Work order: Retype each line of the material below word for word; pictures stay out.

Provided material:
- - - - -
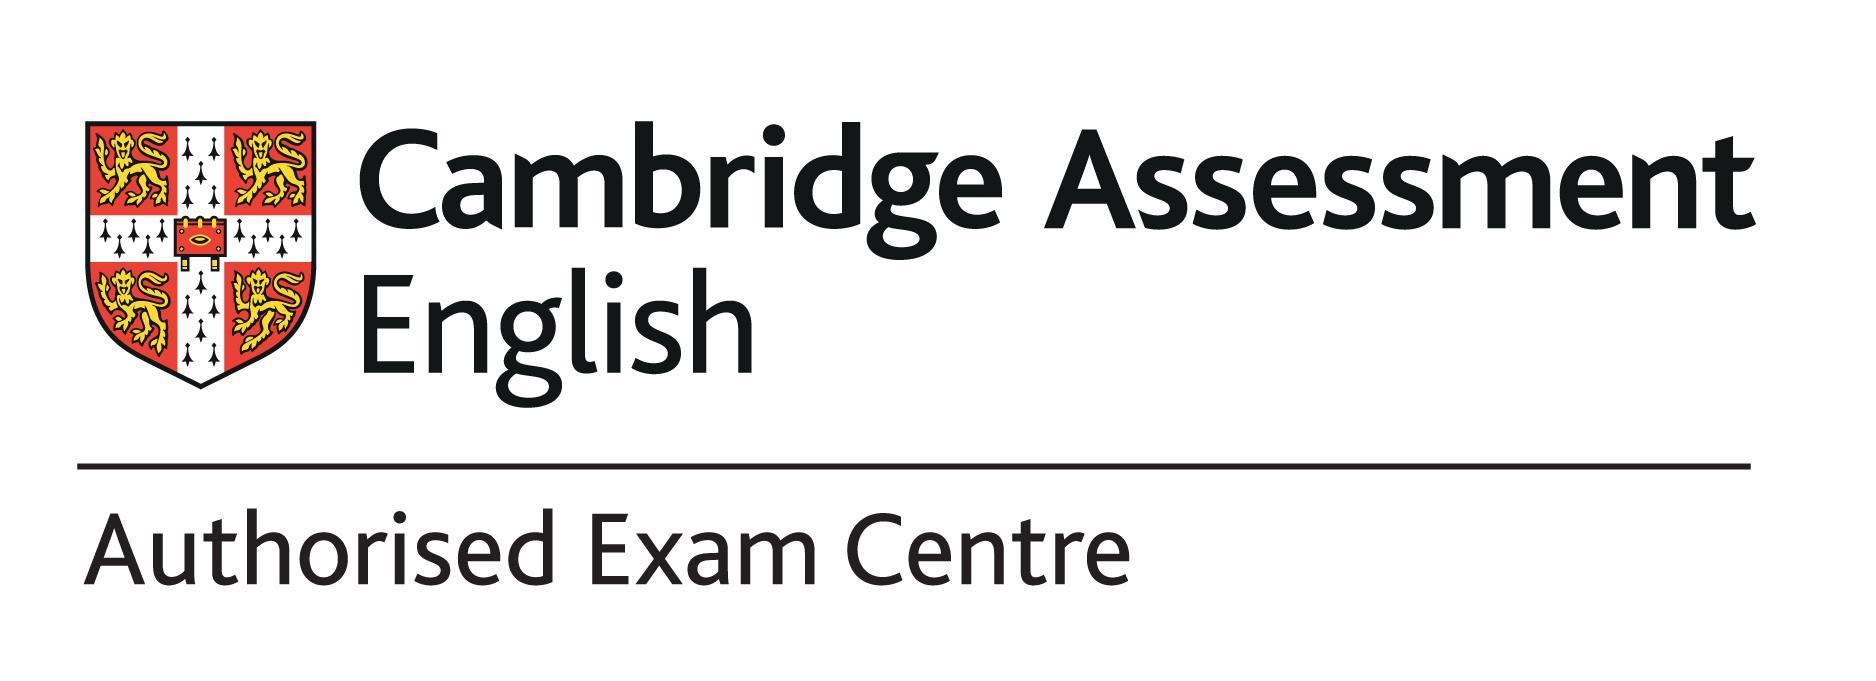 authorised_exam_centre_logo_rgb.jpg
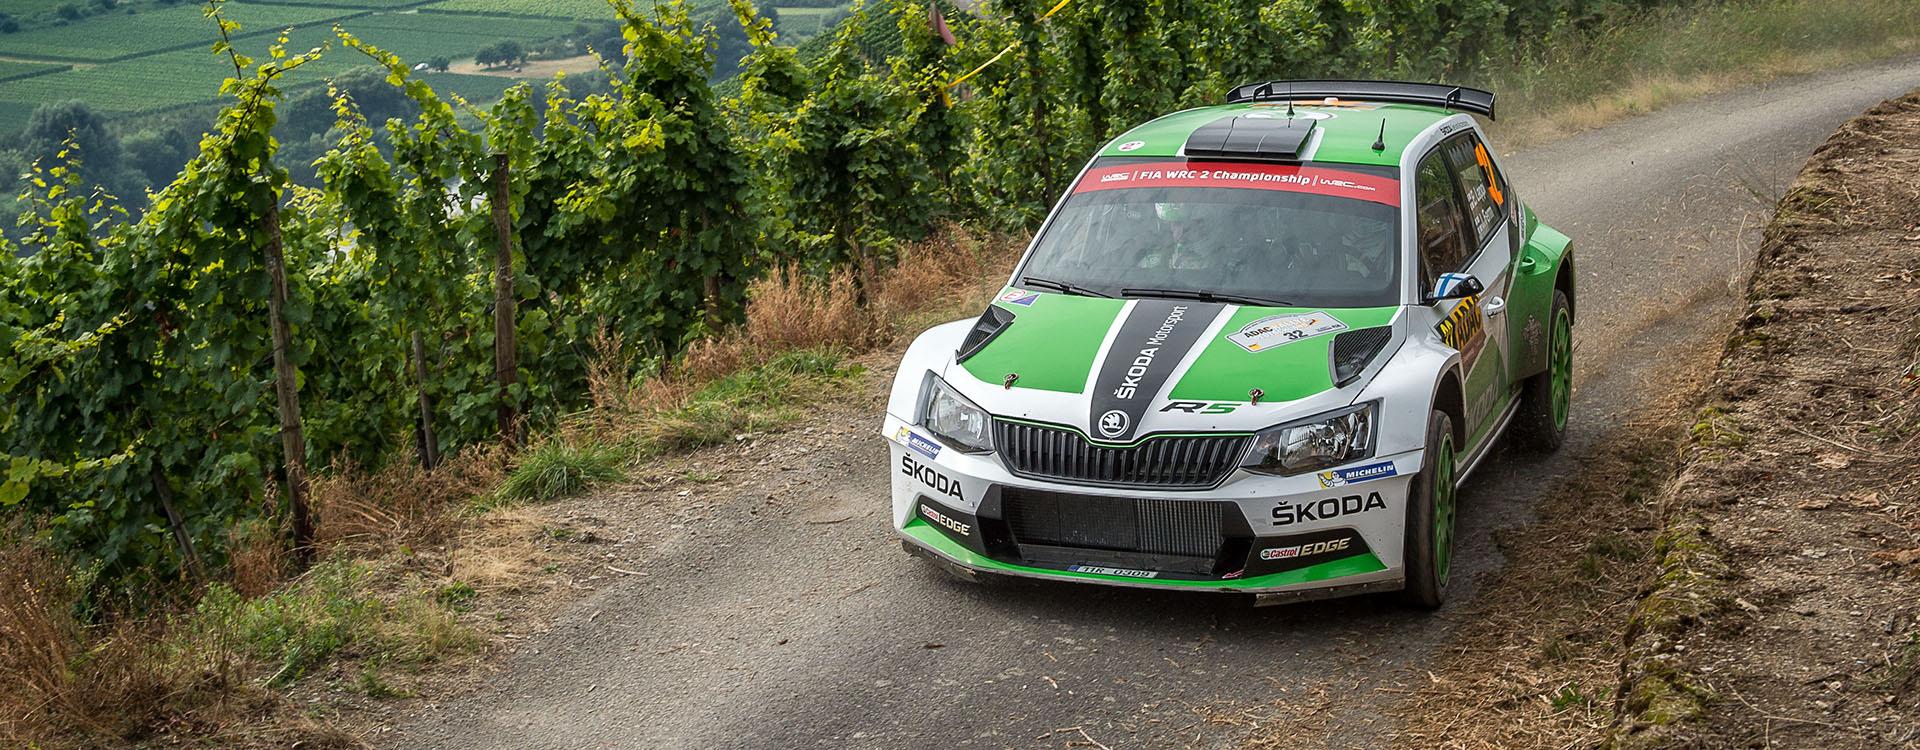 VIDEO: ŠKODA Motorsport na Rallye Deutschland 2016
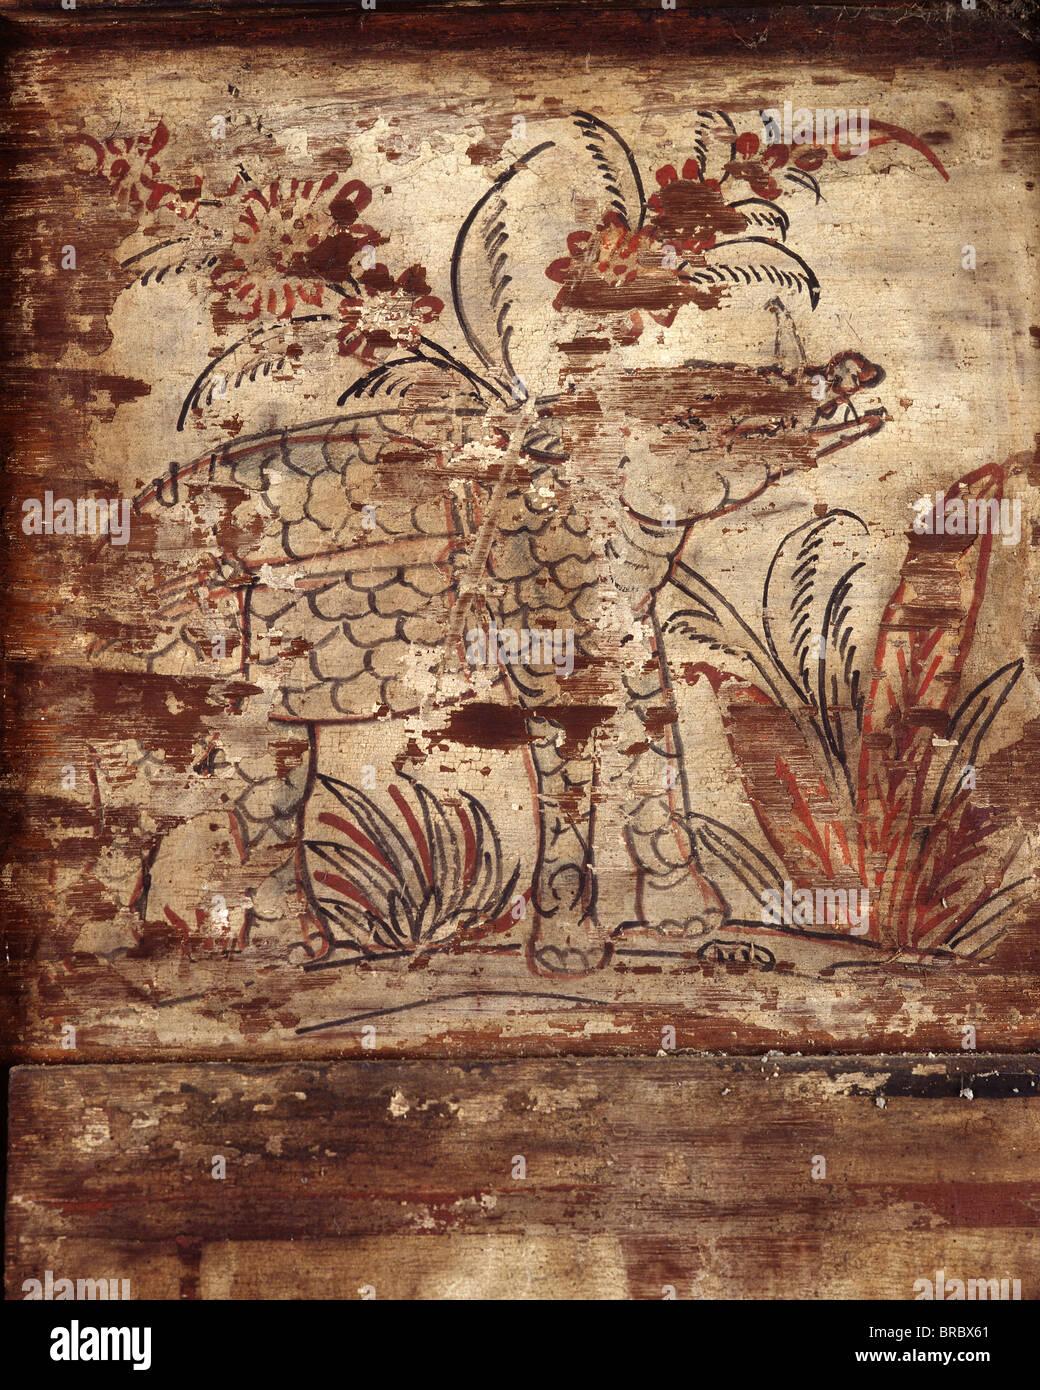 A rhino, detail of a mural from late Ayutthaya period in Wat Yai Suwannaram, Petchaburi, Thailand - Stock Image
- - - - -
Result below:
 authorised_exam_centre_logo_rgb.jpg
 VIDEO: ŠKODA Motorsport na Rallye Deutschland 2016
 A rhino, detail of a mural from late Ayutthaya period in Wat Yai Suwannaram, Petchaburi, Thailand - Stock Image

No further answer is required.